Member of the Oklahoma Senate
- In office November 2002 – November 2004
- Preceded by: Herschal Crow
- Succeeded by: Mike Mazzei
- In office 1982 – November 2002
- Preceded by: E. W. Keller
- Succeeded by: District abolished
- Constituency: 51st (1982-2002) 25th (2002-2004)

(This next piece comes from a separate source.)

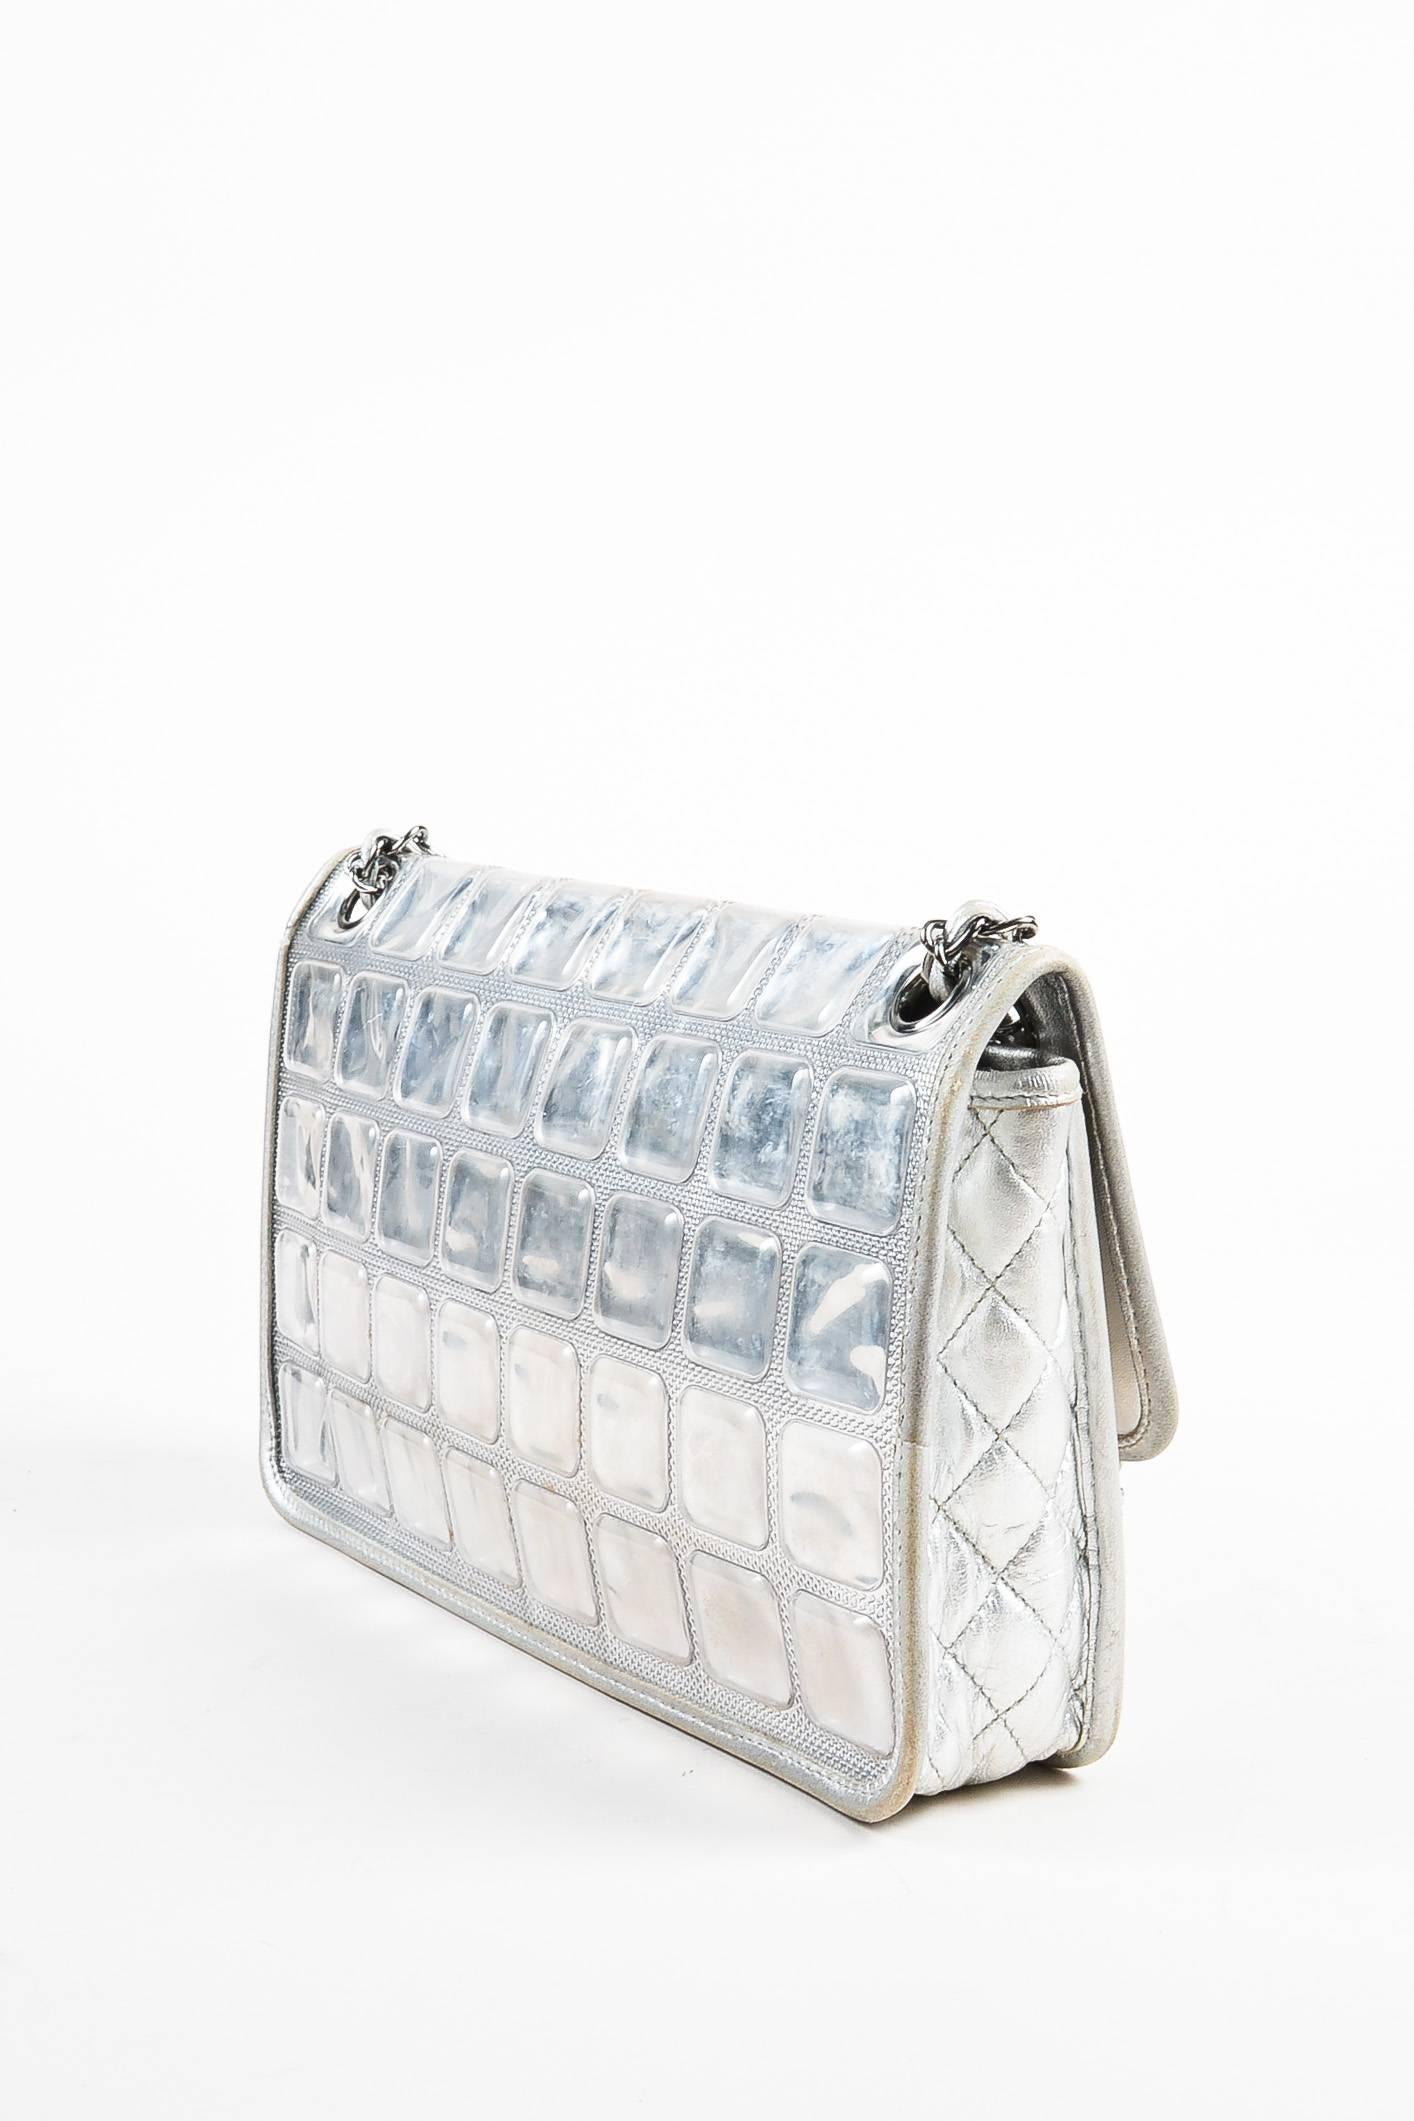 2006/2008-era "Ice Cube" bag. Celebrity favorite as seen on Kim Kardashian. Statement bag for a chic daytime affair or an evening night out. Italian handcrafted construction. Metallic leather with ice cube shaped vinyl coated textile

Minority Leader of the Oklahoma House
- In office 1970–1977
- Preceded by: James W. Connor
- Succeeded by: Kent Frates

Member of the Oklahoma House of Representatives from the 80th district
- In office November 1966 – 1981
- Preceded by: Peyton Breckridge
- Succeeded by: Joe Gordon

Personal details
- Born: August 2, 1931 Tulsa, Oklahoma
- Died: September 1, 2021 (aged 90)
- Party: Republican
- Spouse: Patricia
- Children: 4
- Relatives: Ross Ford (Nephew)

= Charles Ford (Oklahoma politician) =

American politician (1931–2021)

Charles Ford (August 2, 1931 – September 1, 2021) was an American politician who served in the Oklahoma House of Representatives from 1966 to 1982 and the Oklahoma Senate from 1982 to 2005.

Ford holds the record as the longest serving Republican member of the Oklahoma Legislature. He was the second longest serving member of the Oklahoma Legislature behind Democratic State Senator Gene Stipe.

Ford also served in leadership roles during his tenure such as House minority whip from 1969 to 1970, House minority floor leader from 1971 to 1972, House assistant minority floor leader from 1979 to 1981, and minority leader in the Senate from 1991 to 1992.